Instructions for the task: Output the entries that follow character for character. Leave every image out.

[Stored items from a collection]
+ + + + +
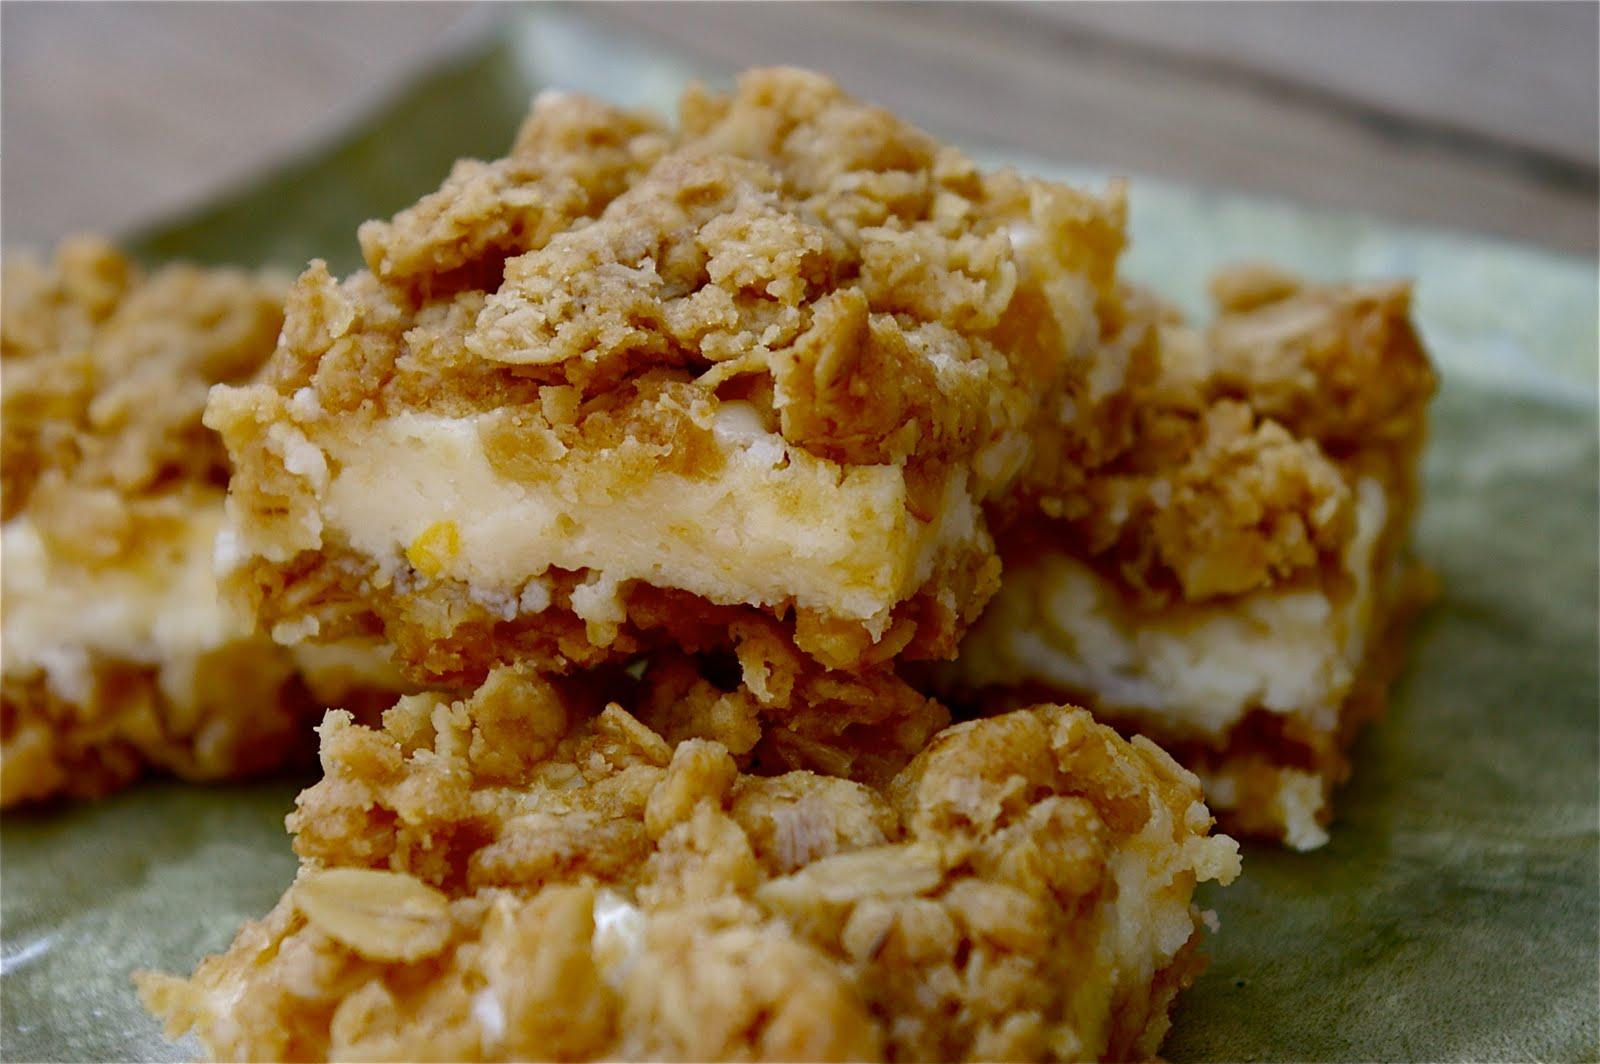 Blue Ridge Baker: Creamy Meyer Lemon Crumb Bars
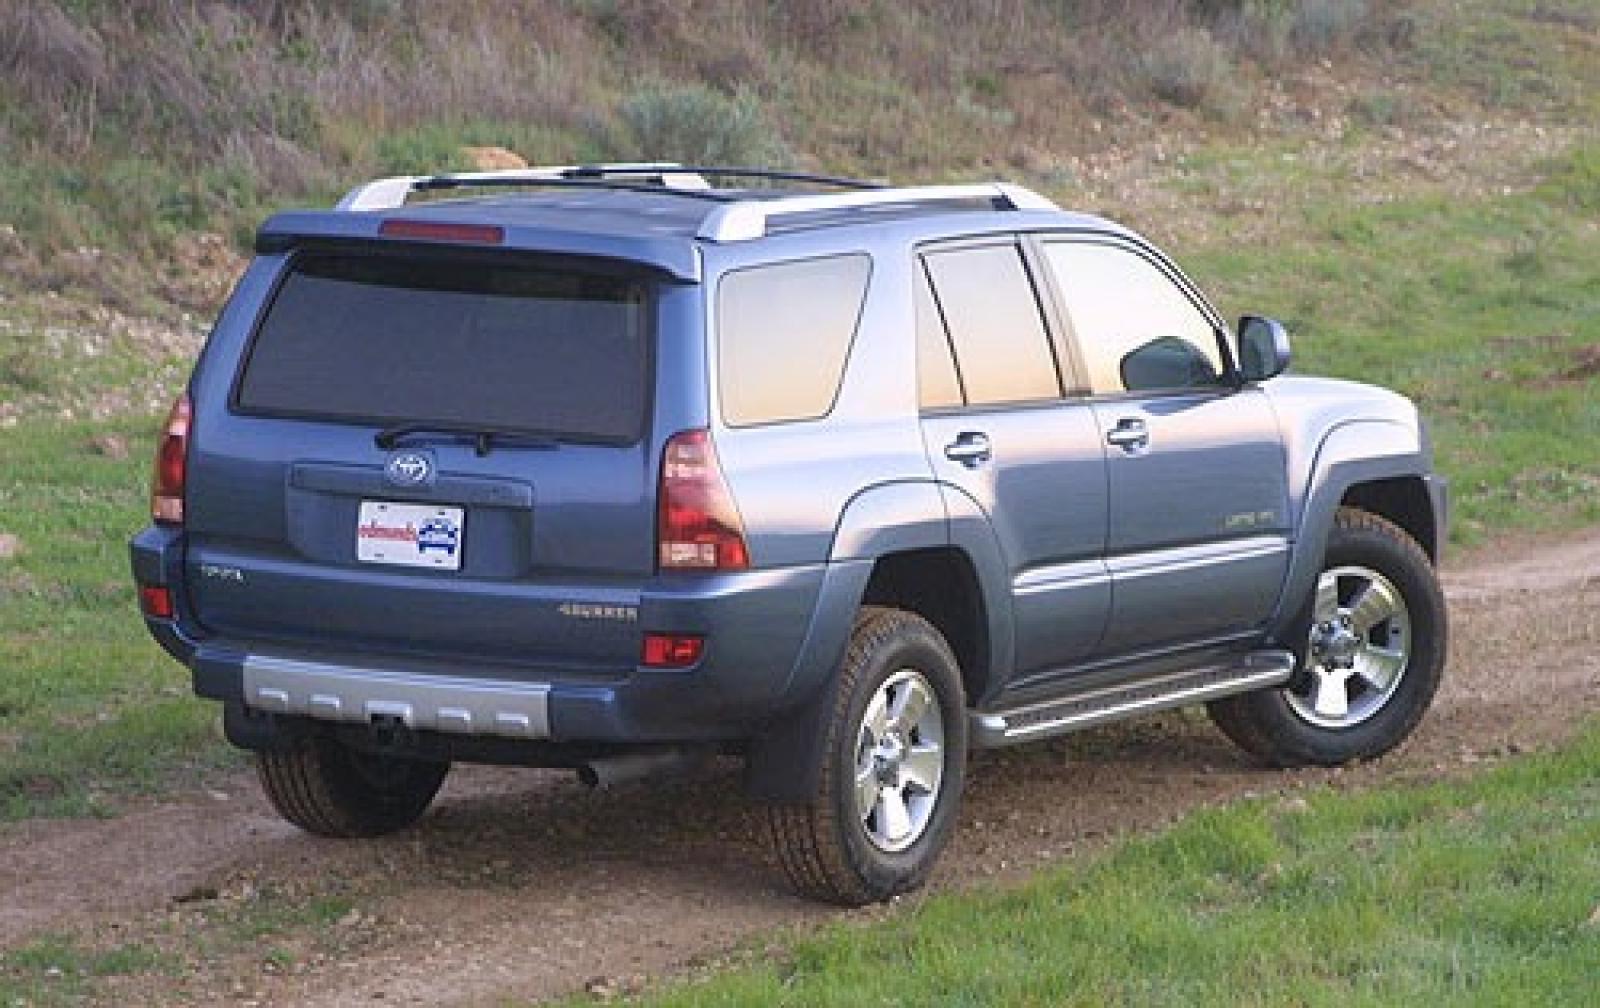 2005 toyota 4runner 8 2003 toyota 4runner rear interior 8 800 1024 1280 1600 origin
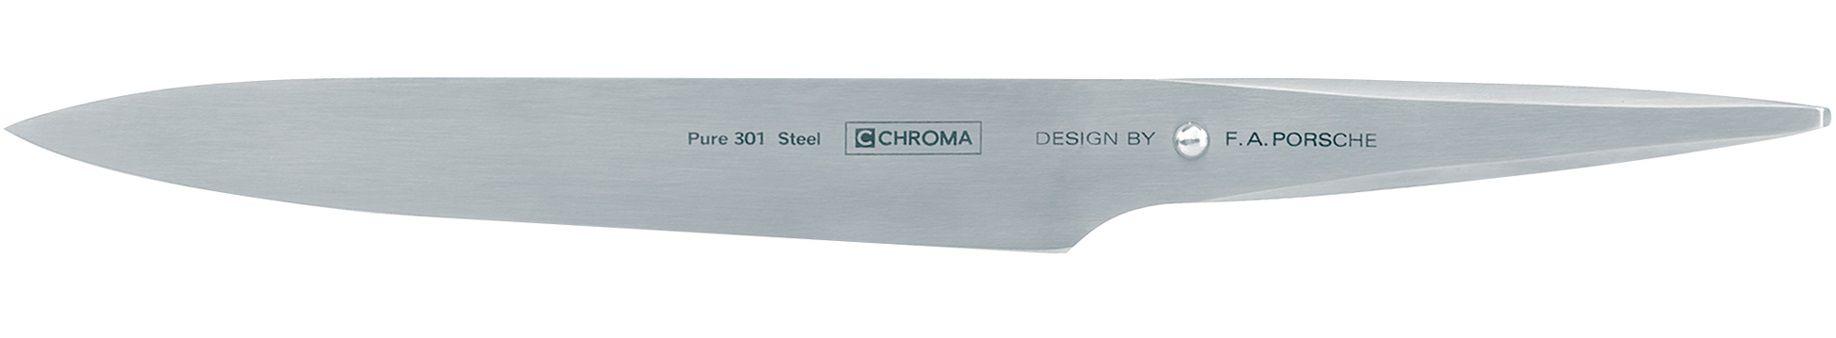 Chroma Trancheermes Type 301 P05
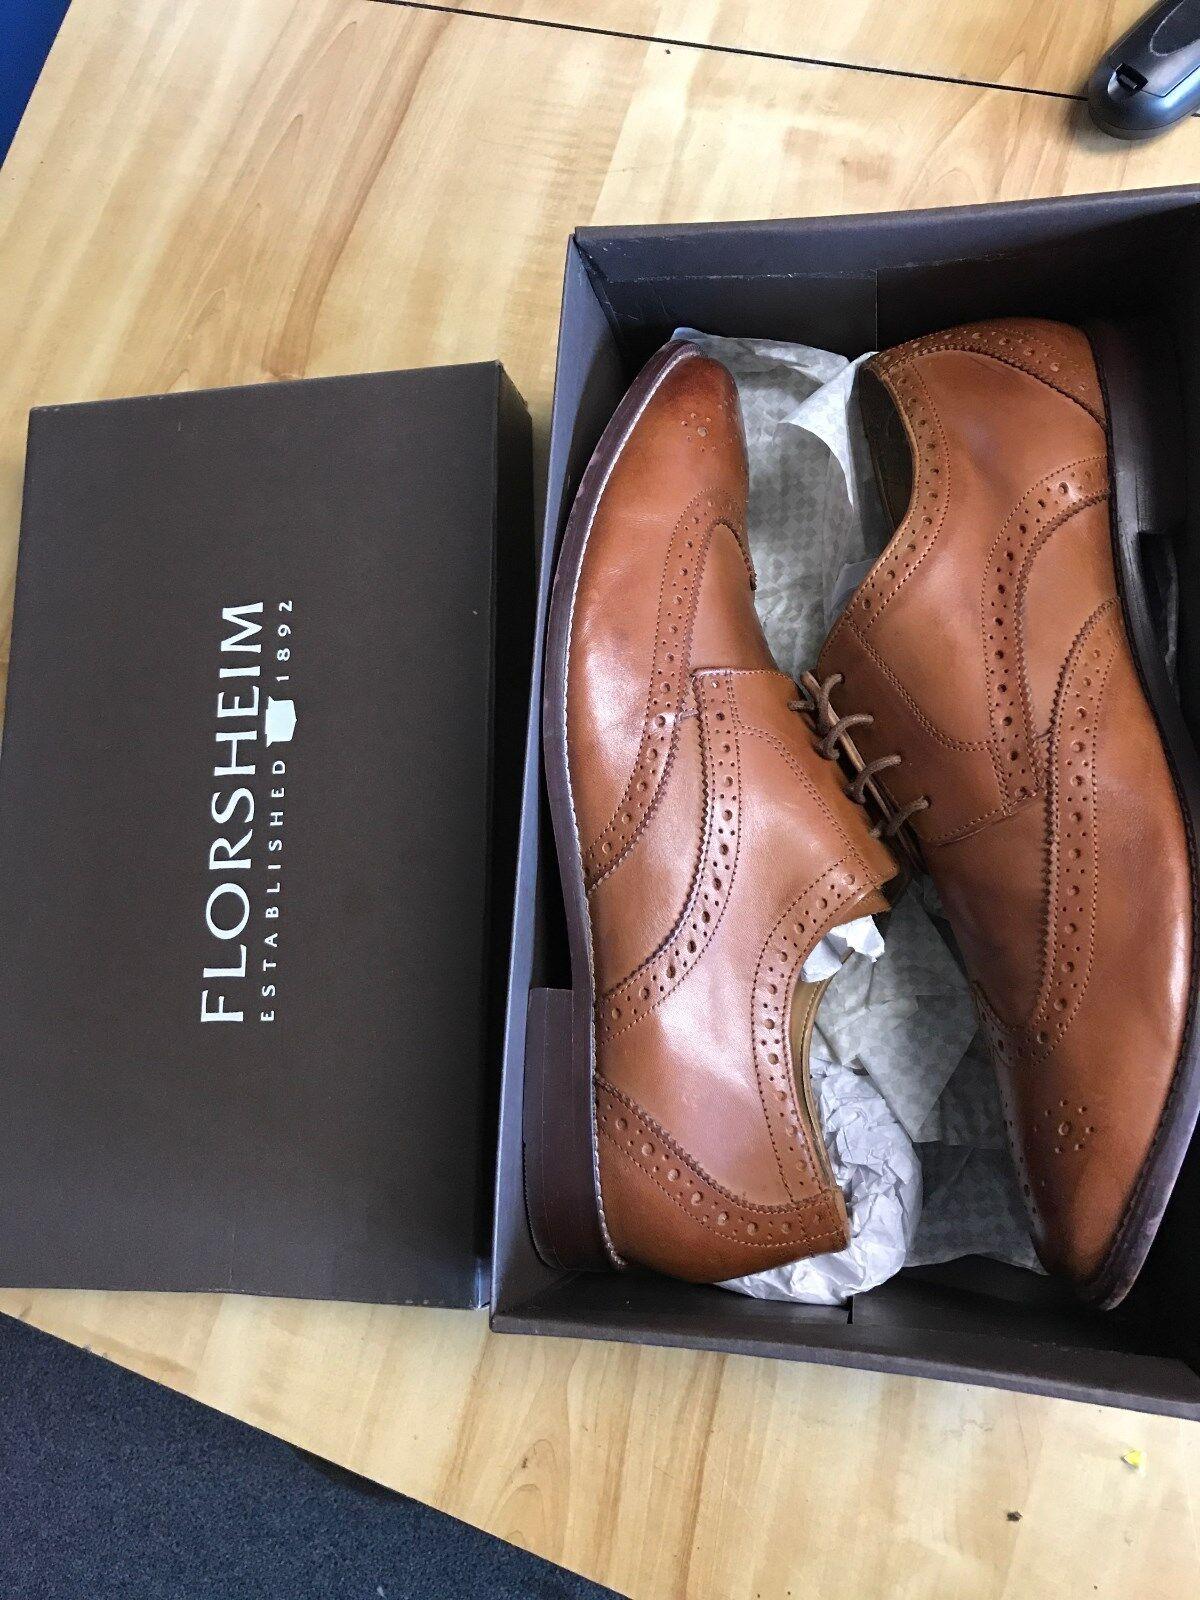 Florsheim Montinaro saddle tan 13 D wing tip leather dress shoes
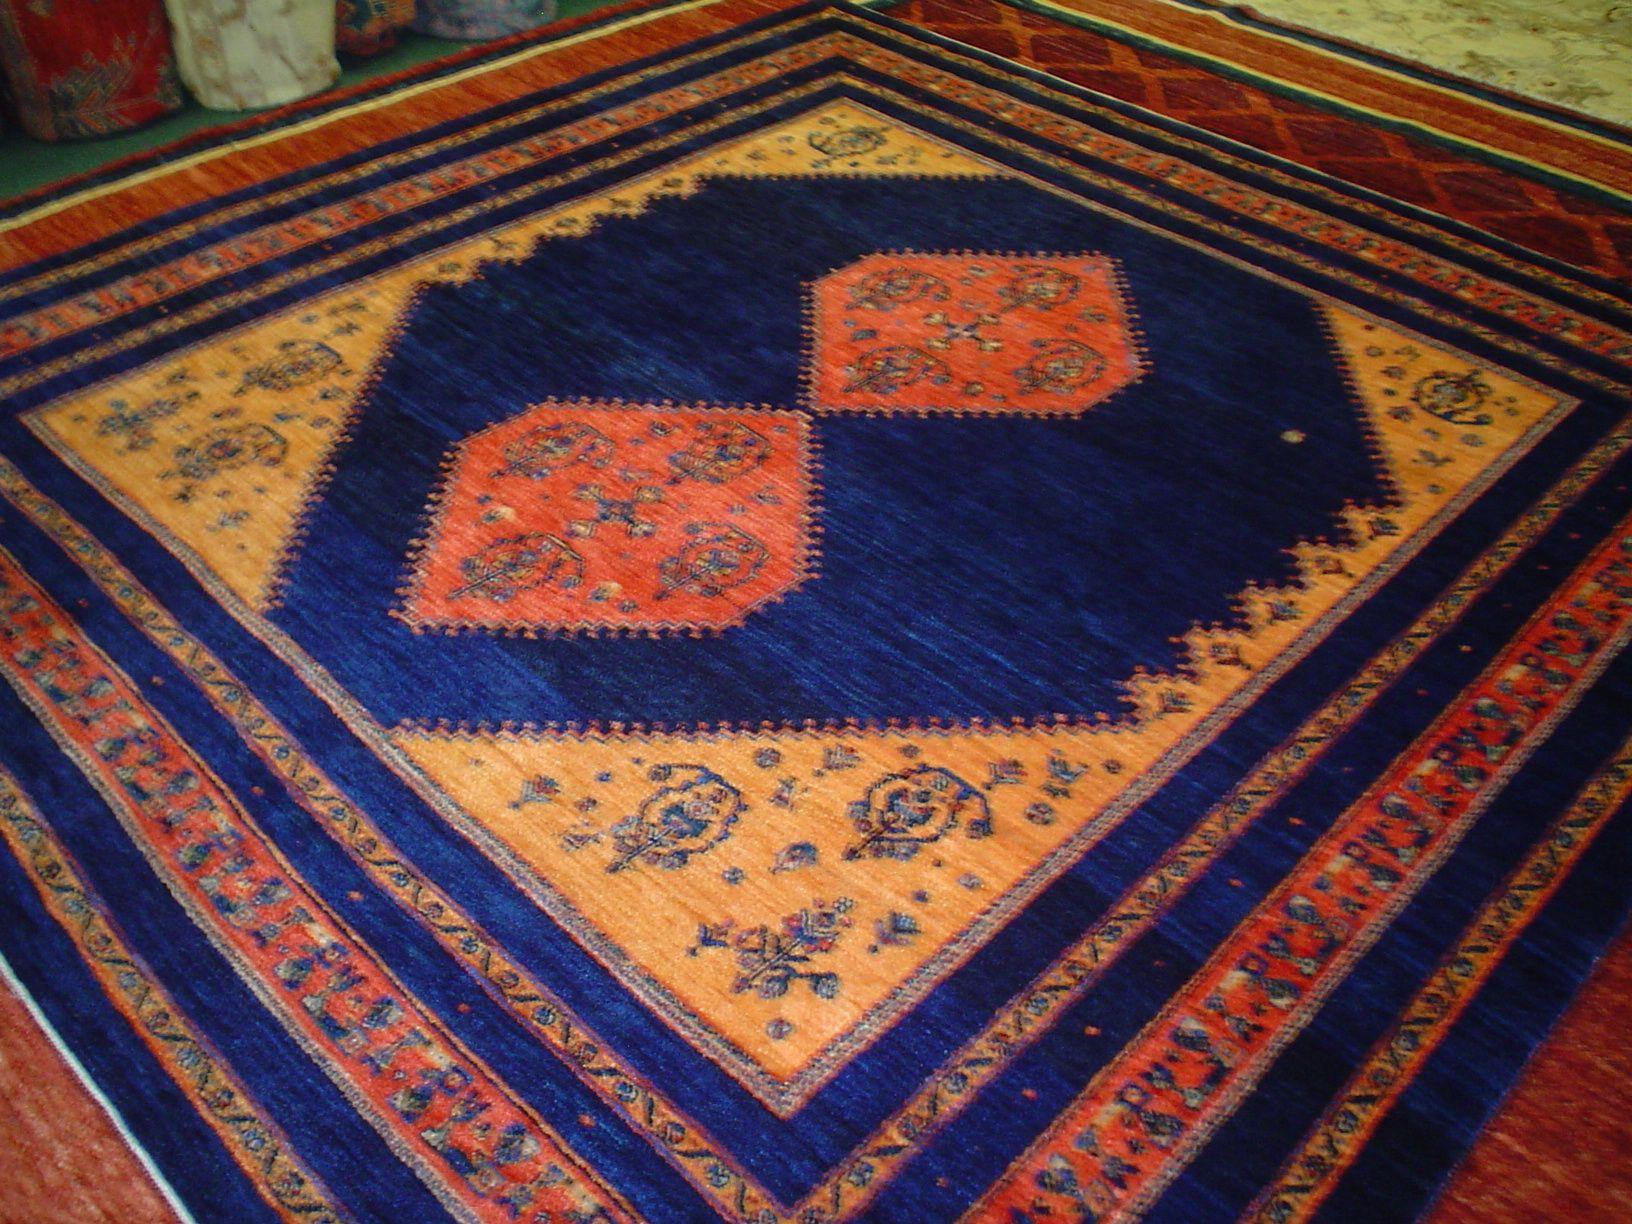 Beautiful Persian Tribal Rug In Jewel Tones
+ + + + +
Exercise answer:
 Blue Ridge Baker: Creamy Meyer Lemon Crumb Bars
 2005 toyota 4runner 8 2003 toyota 4runner rear interior 8 800 1024 1280 1600 origin
 Chroma Trancheermes Type 301 P05
 Florsheim Montinaro saddle tan 13 D wing tip leather dress shoes
 Beautiful Persian Tribal Rug In Jewel Tones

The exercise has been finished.